* [THE TASK]
Leaving out the pictures, output the lines from the one that contains "Elizabeth Smart shares" through the end of the material, exactly as they stand.
##### MATERIAL PROVIDED #####
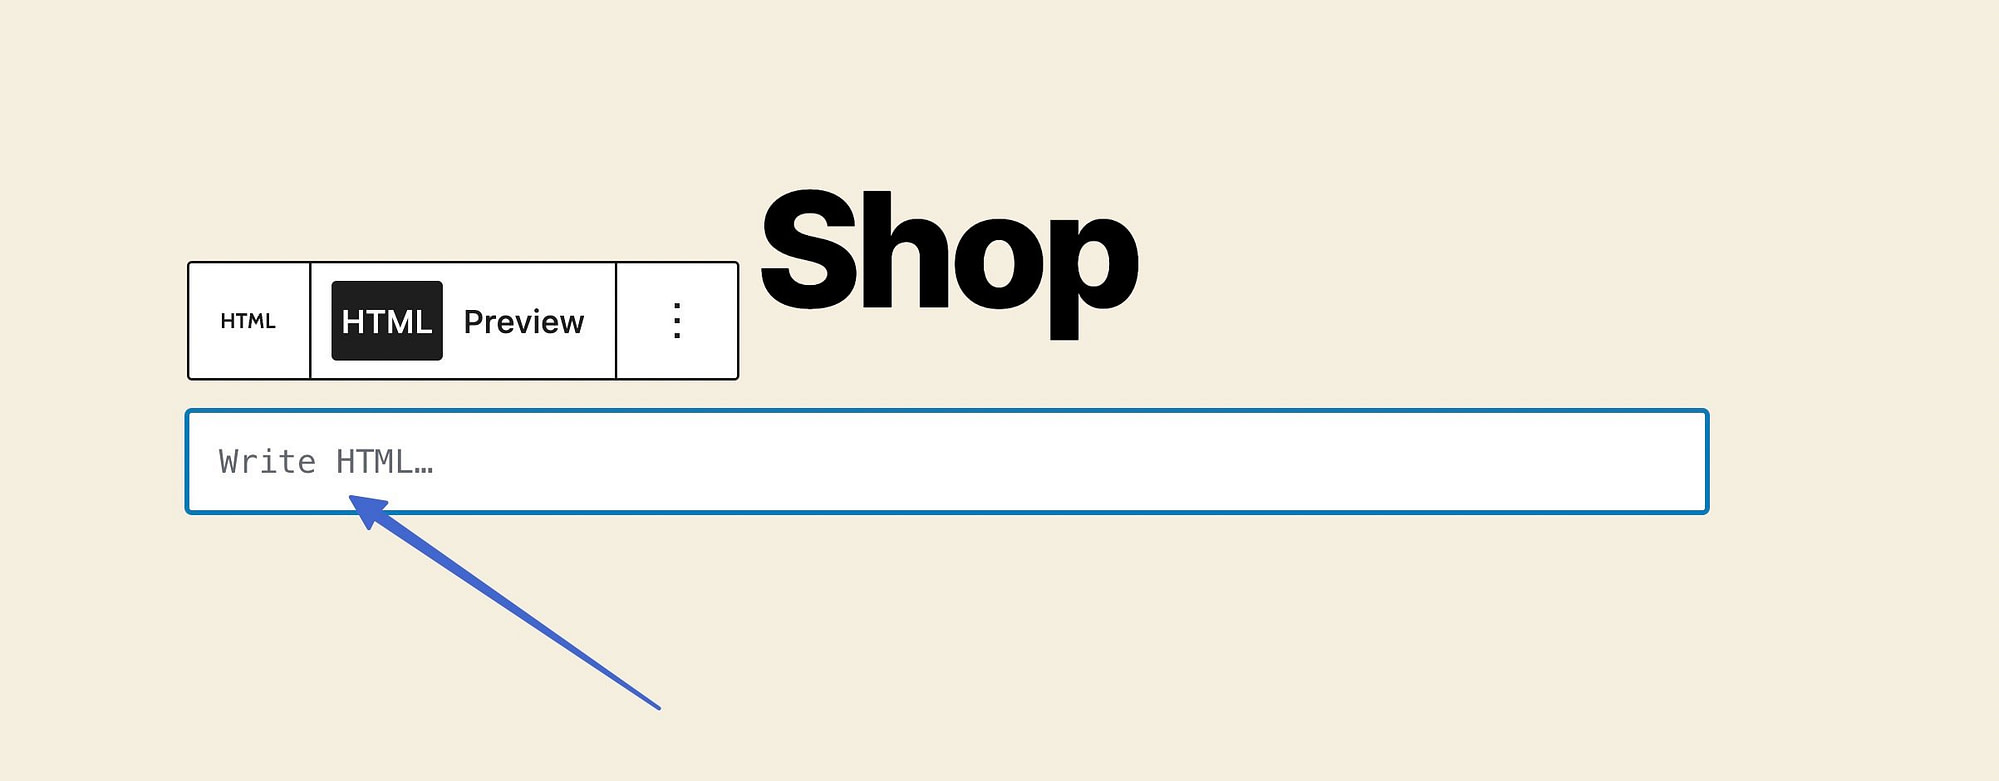 pasting in the HTML to make the Shopify WordPress integration 
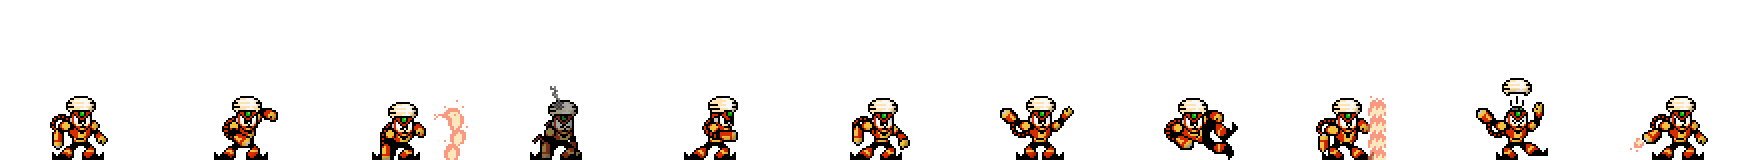 Flame Man | Base Sprite Right
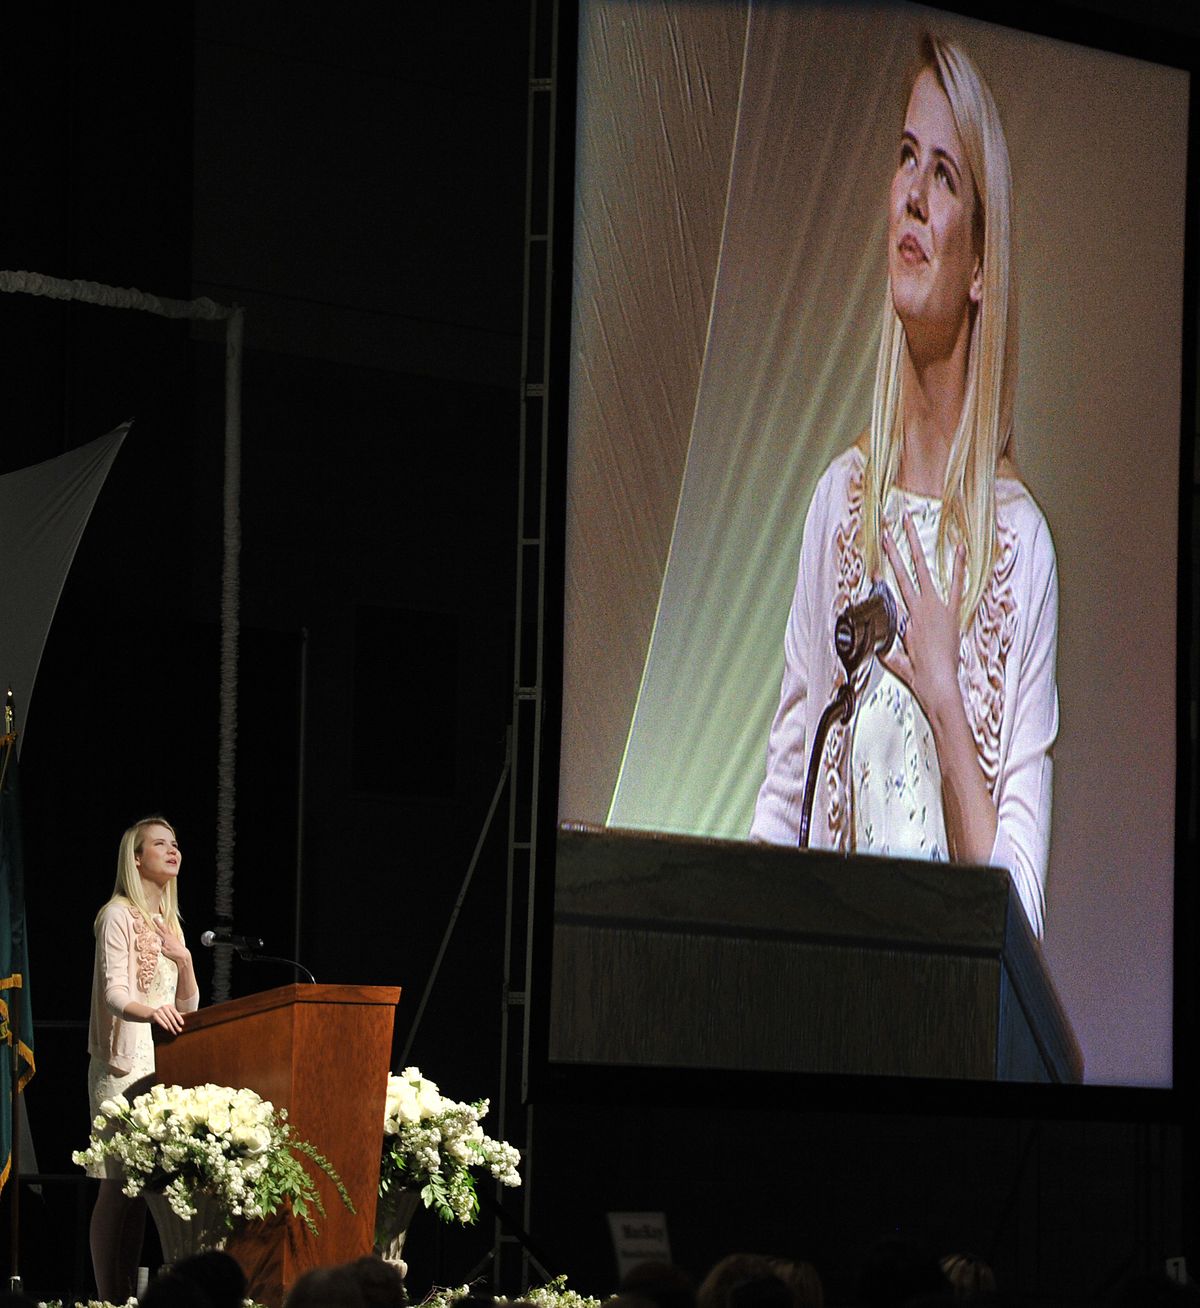 Elizabeth Smart shares her story of being kidnapped and assaulted when she was 14 years old with the crowd gathered at the Spokane Convention Center for the Women Helping Women Fund luncheon. (Dan Pelle)
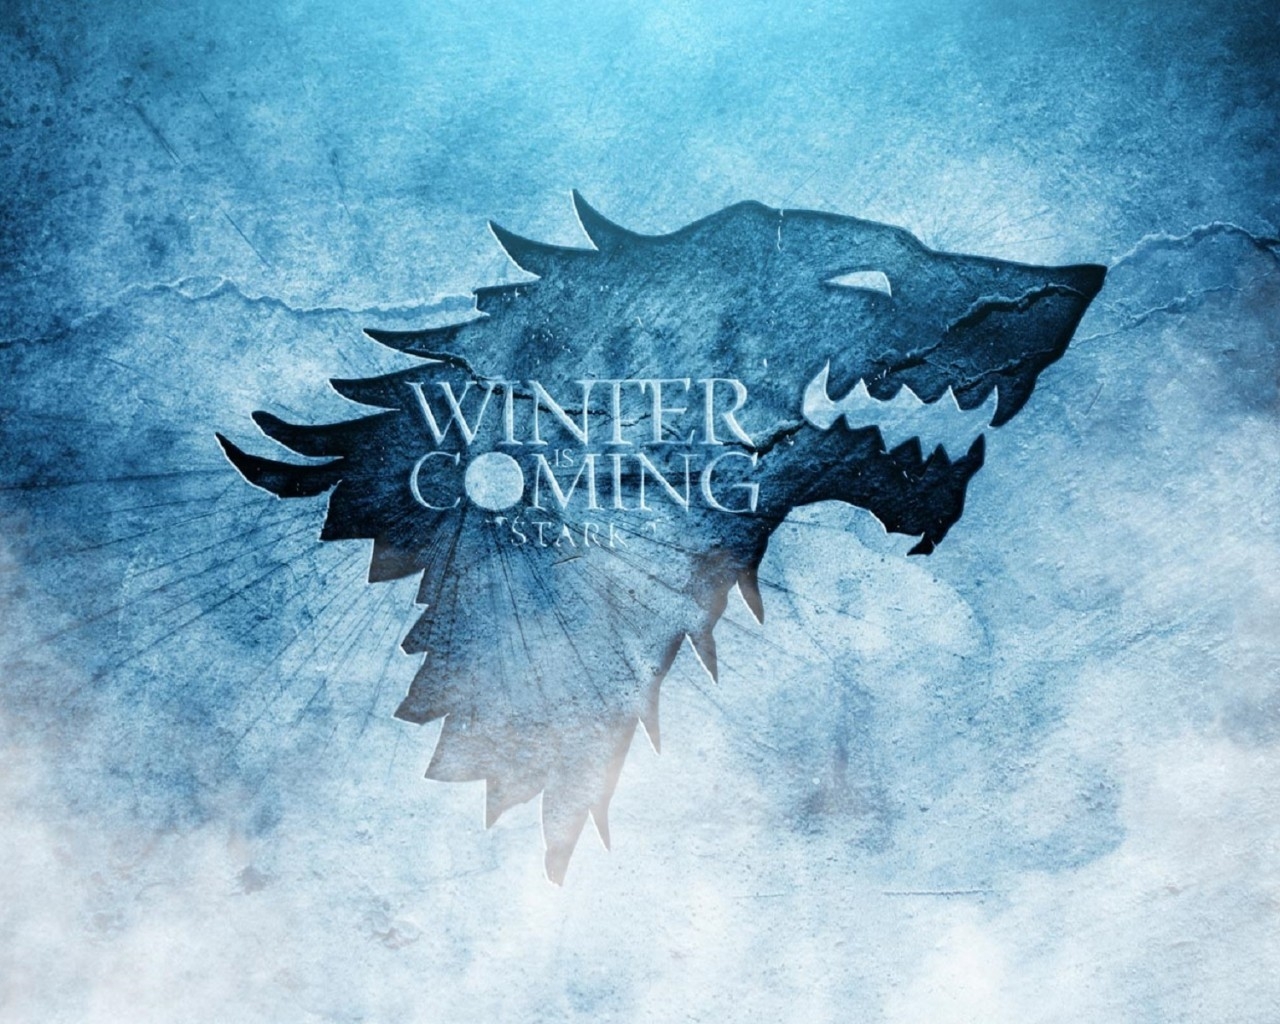 Game of Thrones the Song of Ice and Fire for 1280 x 1024 resolution
#####
* [TASK ANSWER]
 Elizabeth Smart shares her story of being kidnapped and assaulted when she was 14 years old with the crowd gathered at the Spokane Convention Center for the Women Helping Women Fund luncheon. (Dan Pelle)
 Game of Thrones the Song of Ice and Fire for 1280 x 1024 resolution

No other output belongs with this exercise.